幾人かの人間たちと合一してしまう彼に、ついに、療法士は彼を月に送ることにした。
月ほどに距離が離れていれば、簡単な合一は起こらないであろう。
しかし、彼は、その予想を超えた合一を起こし、ついには自我を確立するにいたったのだ。彼の存在と、「不死」の男の存在が、地球の希望となる。
ゼラズニイは、自然保護テロリストの言葉を借りて、語る。
「田園を支持することは、即、都会を拒否することじゃない。いっさいを投げ捨てて、時計の針を逆もどりさせることはできない相談なのさ。おれたちがダムを爆破したり、公害発生源の息の根を止めたりしているときでも、世のなかのあらゆる科学技術を放棄せよと主張しているわけじゃない。ただその性質に関してもうちょっと賢明であれと言っているだけ、できればそれに代わるべきものを研究史、開発せよとうながしているだけなんだ」(225ページ)

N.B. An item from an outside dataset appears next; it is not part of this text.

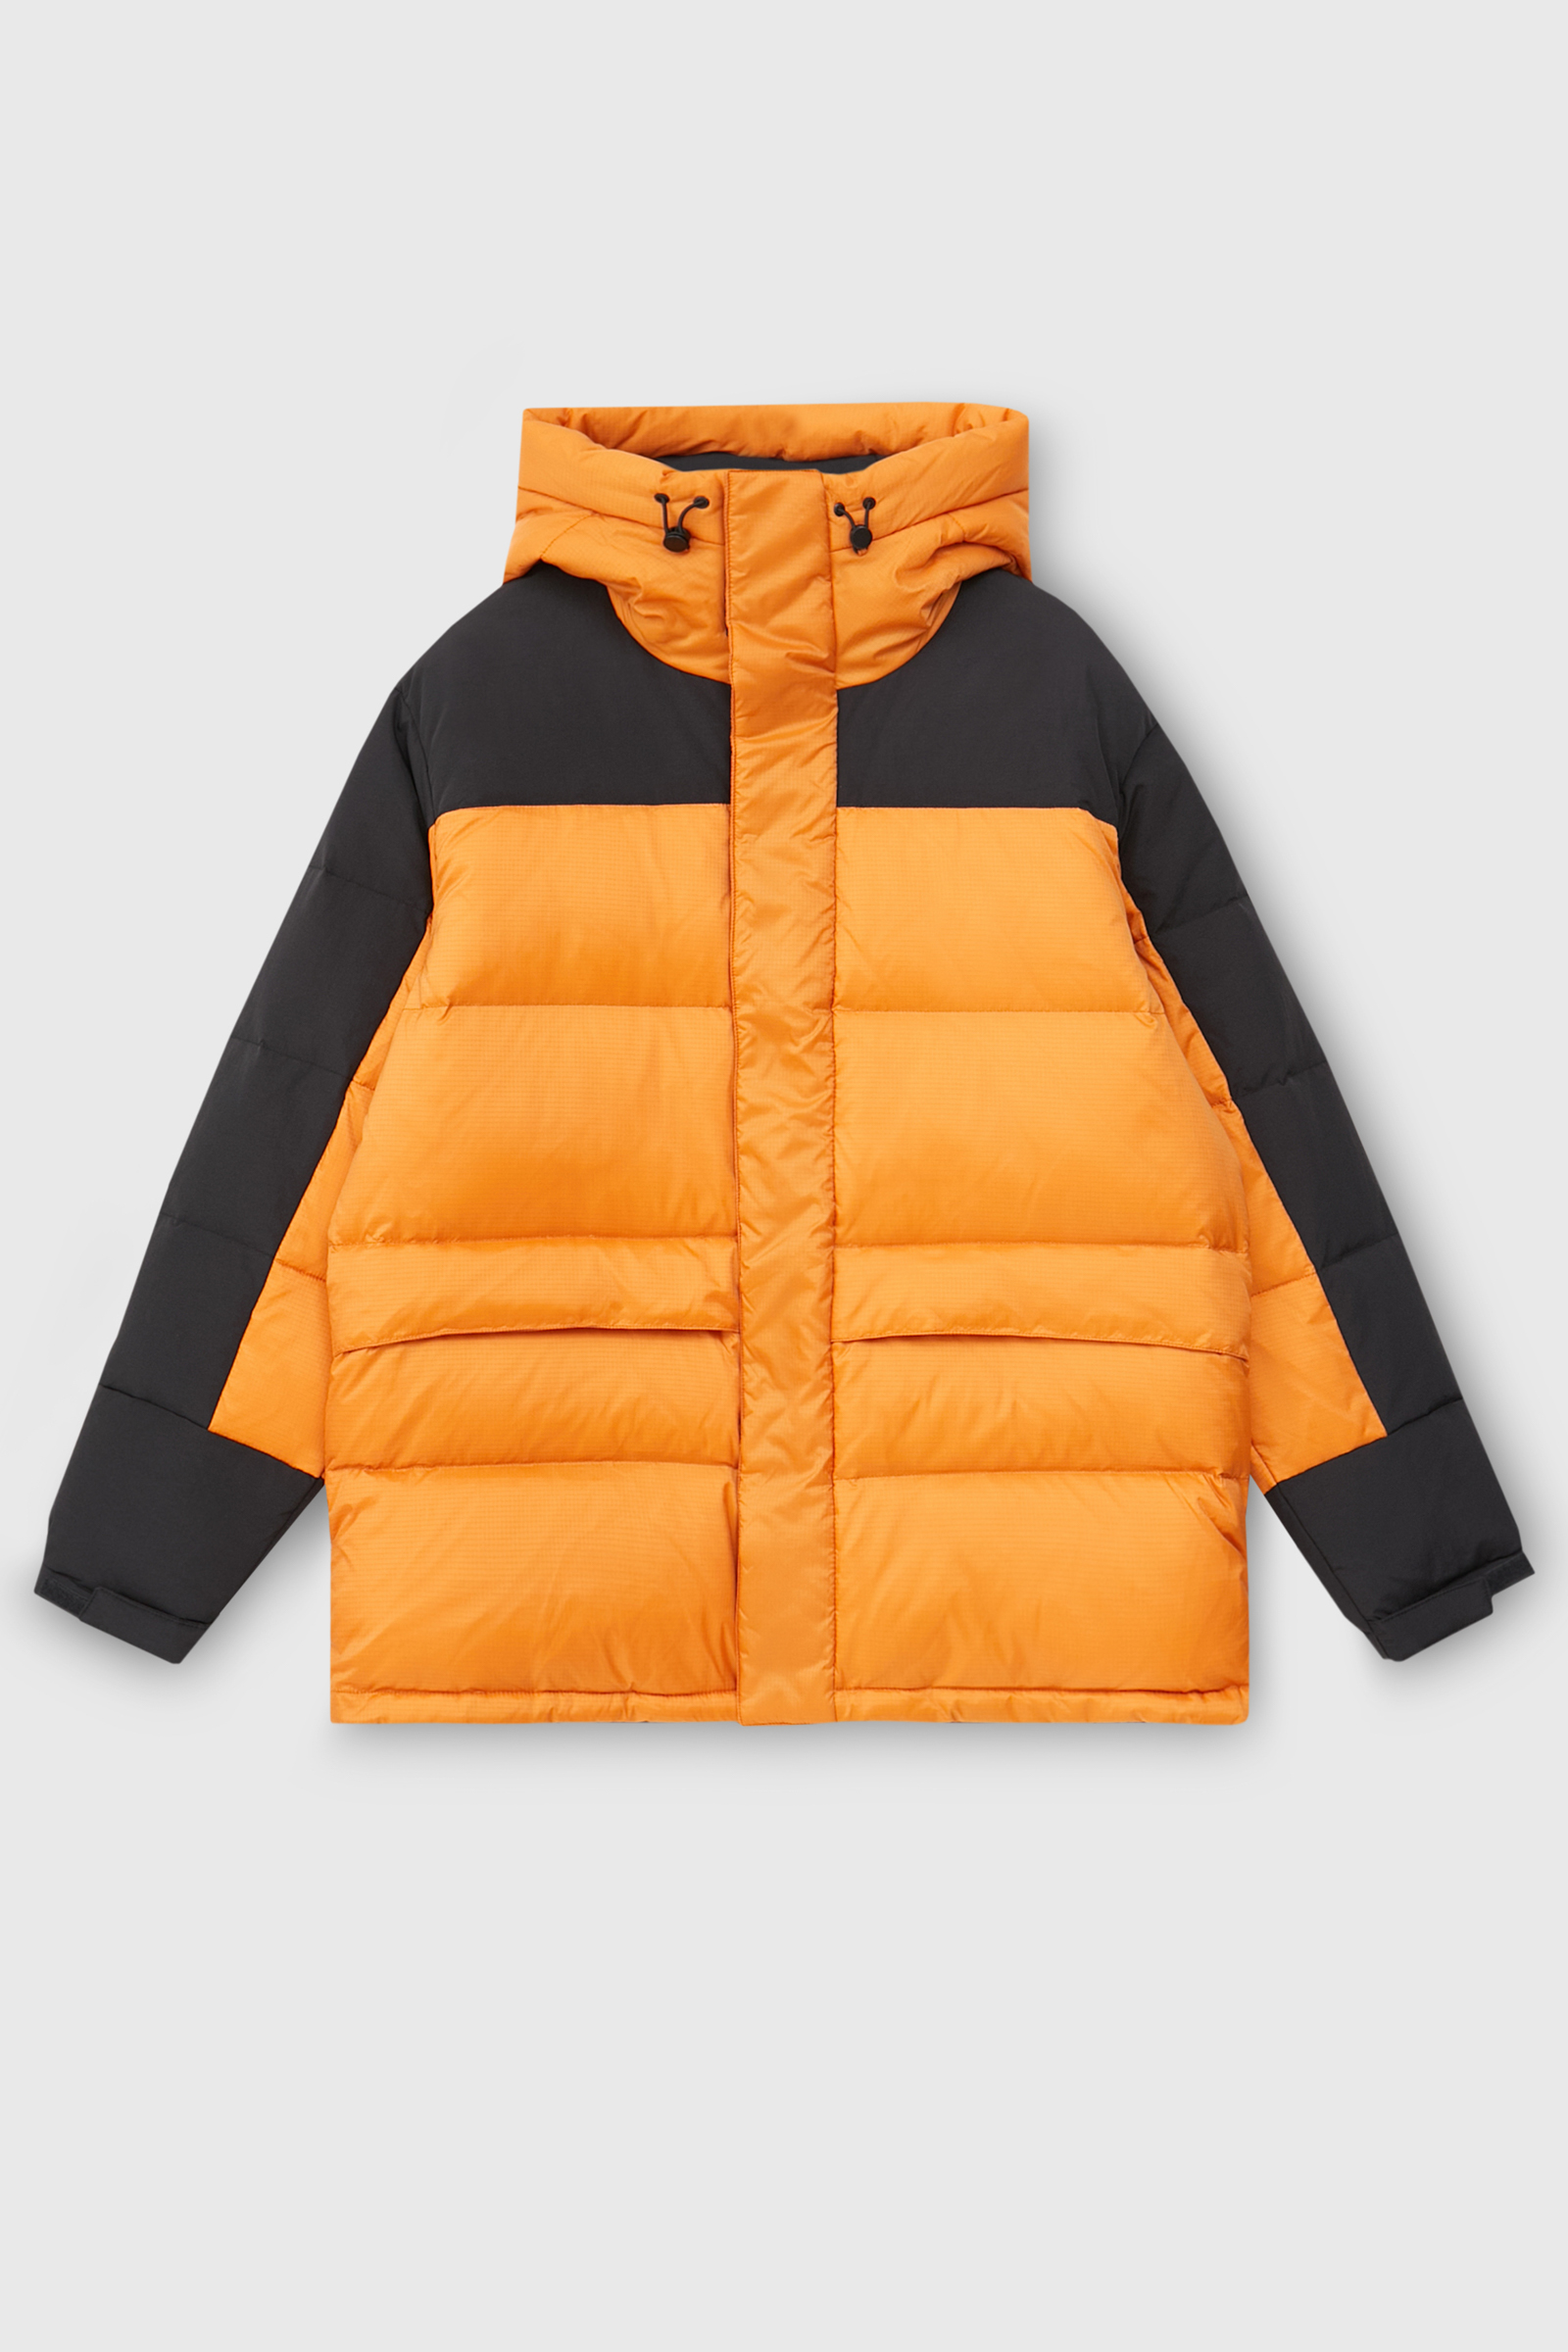 Куртка мужская Finn Flare FAC23004 оранжевая 2XL
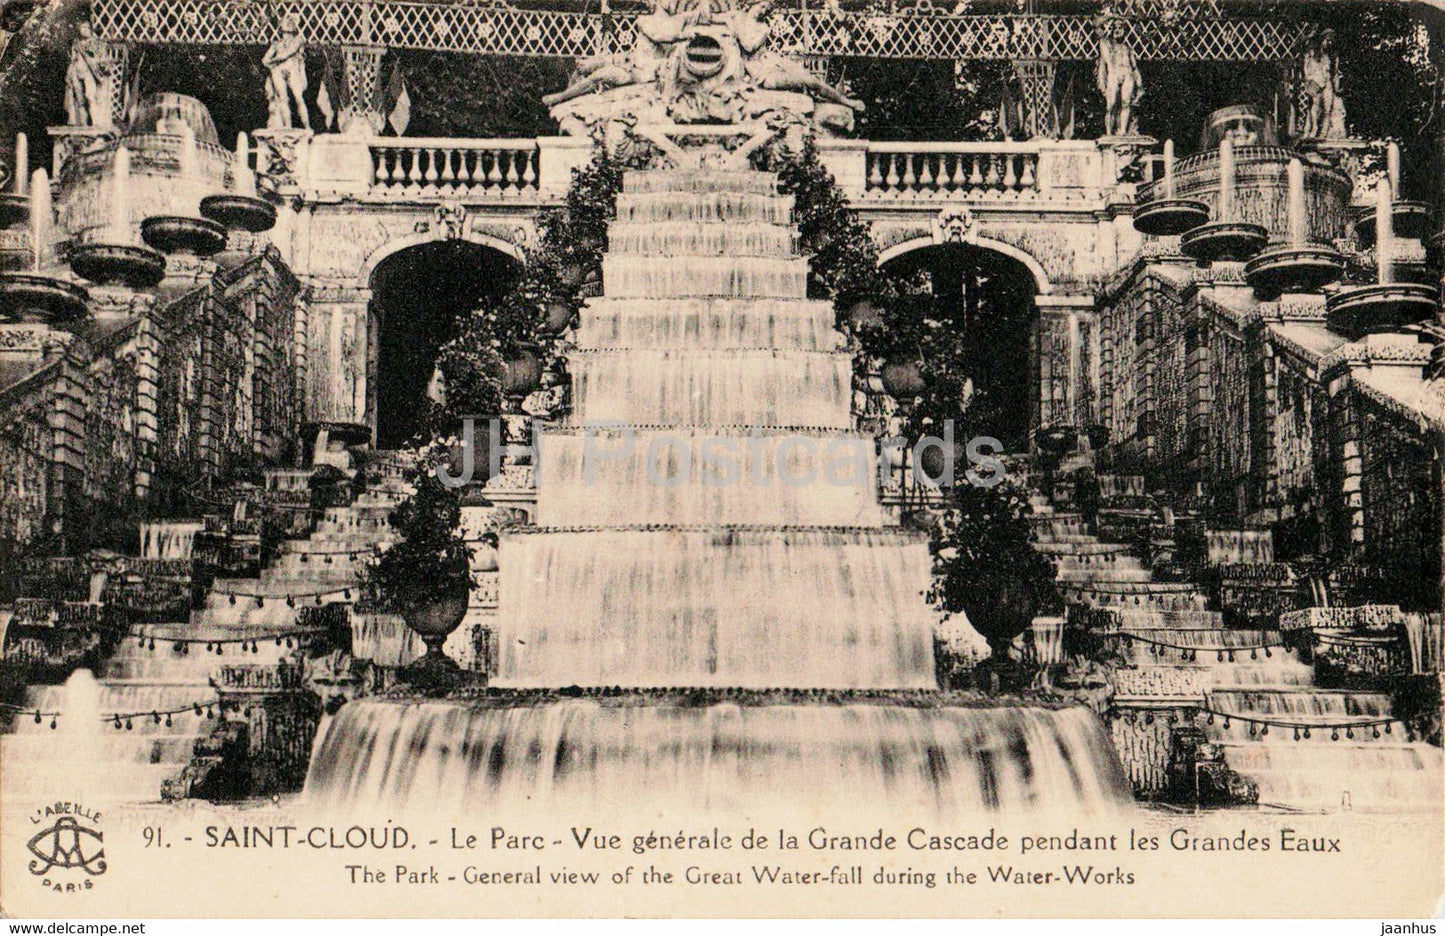 Saint Cloud - Le Parc - Vue generale de la Grande Cascade pendant les Grandes Eaux - old postcard - 1925 - France - used - JH Postcards

人類が変化し、進化し、発展するのは、息をすることと同じこと。それは、生命としての本能なのだ。しかし、その背景にある自然、田園を支持することは、変化、進化、発展と反することではないはずだ。それを尊重し、慈しみながら変化できることが、人類の希望であり、力ではないか。そう、ゼラズニイは語りかける。
中立説にあるとおり、未来は、人類の変化、進化は決定論的なものではない。今のこの公害に滅びを予感し、絶望する必要はない。
アルキメデス、ルソー、ダ・ヴィンチなど、古くからの思索者の声を借りながら、「敵」である異星人と、人類自らのくびきを逃れようと、最後の戦いが今、はじまる。
それにしても、ゼラズニイの著作には癖がある。
西洋の宗教的思想が背景にあるため、どうしても読みづらいのだ。
本書「燃えつきた橋」を購入し、読んでから20年余、ようやく、本書がSF作品であることに気がついた。
さっぱりストーリーとして理解できなかったのだ。高校生の頃の私には。それは、高校生という若さと、80年代初頭という、あまりに本書「燃えつきた橋」が書かれた70年代後半に近い時代のせいだったのかも知れない。